I was never a "pretty" child. I wore glasses since I was 8, I was always reading, and interested in art. On top of my nerdy persona, I had (and still have) messed up teeth. My family is too poor for me to afford a total teeth makeover.. No boys were ever interested in me. I was sort of a recluse...a late bloomer.
I had my first serious boyfriend before the summer of my freshman year. We were inseparable. I lost my virginity to him. He made me feel beautiful. He made me feel special like no one ever had. No one, not even my own mom ever called me any nice names, let alone "beautiful." I was infatuated with him.
During our Junior year, I heard a rumor that my boyfriend cheated on me with one of his friend's younger sisters.

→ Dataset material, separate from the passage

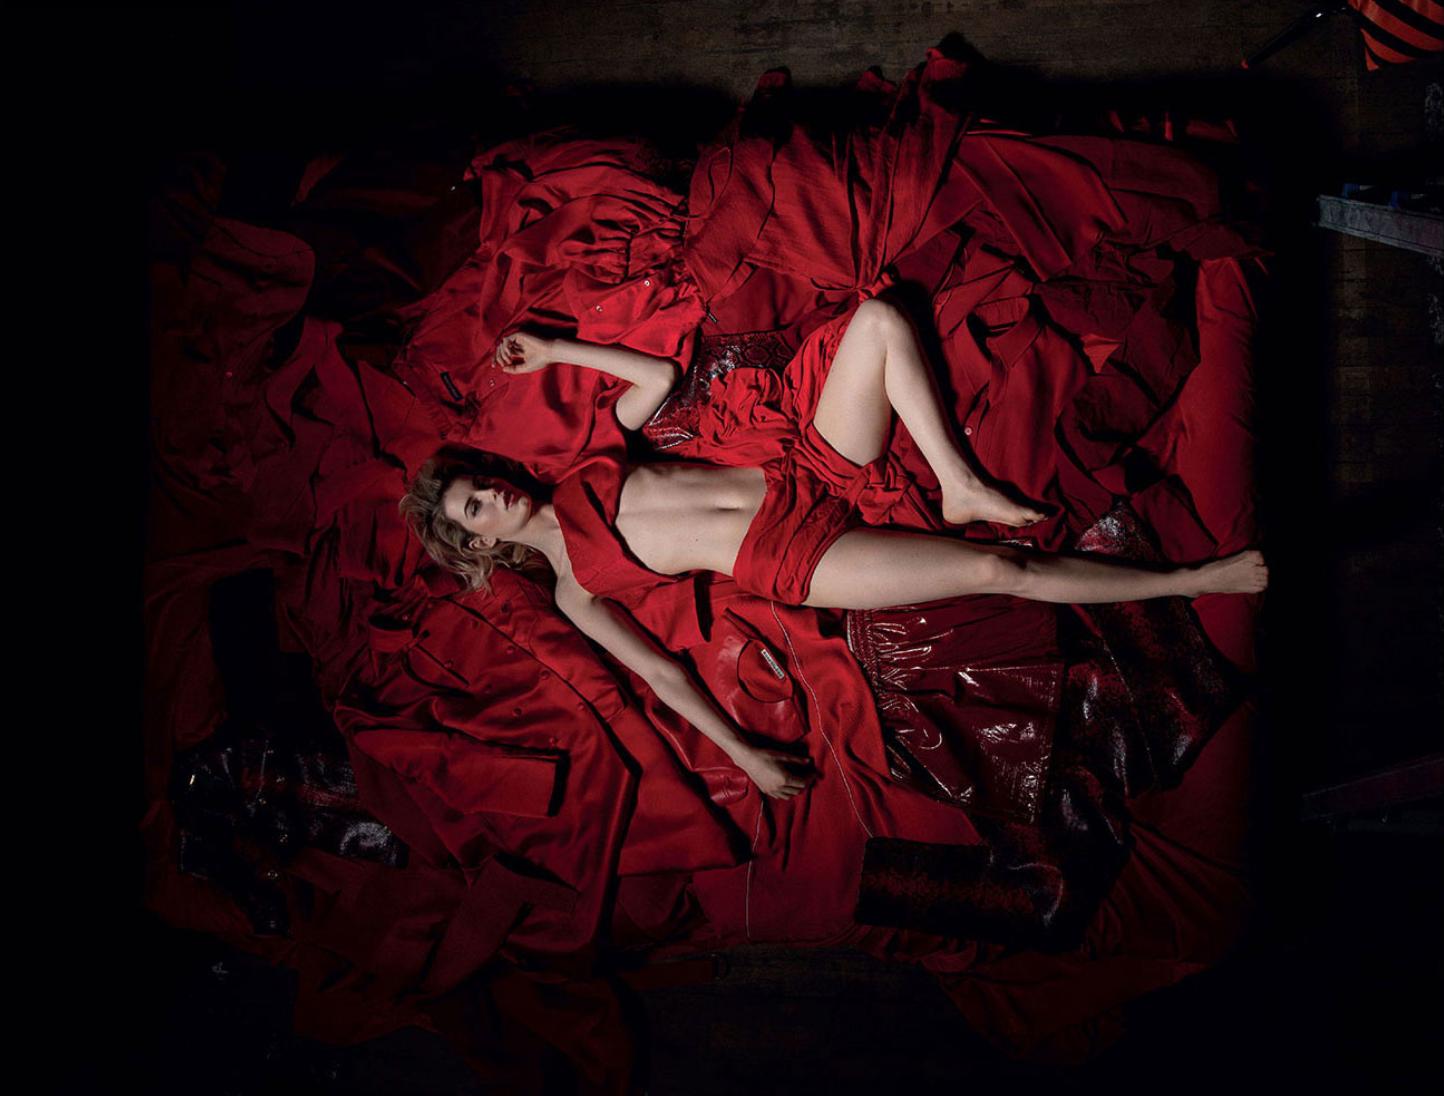 Photographer Filip Koludrovic

It turned out to be true.

Normally, I would have bawled my ass off and been a total wreck like a little girl.
But I was so shocked and hurt, I didn't know what to do.
I guess it all festered inside; I would always ask myself the same questions over and over and over. "Why her? And why NOT me? What's wrong with me? What's she got that I don't? I’m not good enough. I’m just not pretty. Maybe he’d do more for me if I was pretty.”
He claims he was drunk or something, and doesn’t remember a thing. He has friends who can “confirm” his story. Its not even known for sure if they just made out or really had sex because everyone was so messed up.
I’m still with this man, because he has since then proved his love for me, and begged for my forgiveness.
I on occasion catch him watching internet pornographyh. Then all those feelings come back.
He has female friends who are total snobs, and never bother to acknowledge me, even when I’m right there next to him. Again, all those feelings come back.
He knows of all my self-esteem issues (and I’m surprised he hasn’t ran like hell for the hills from me) But I feel bad for blaming him for the way I feel. He loves me so much, and treats me like a princess now…I just don’t know why my mind feels like it HAS to feel so down when I got good things going for me. I don’t know where this all comes from. I just wish I knew where and when I started feeling like this.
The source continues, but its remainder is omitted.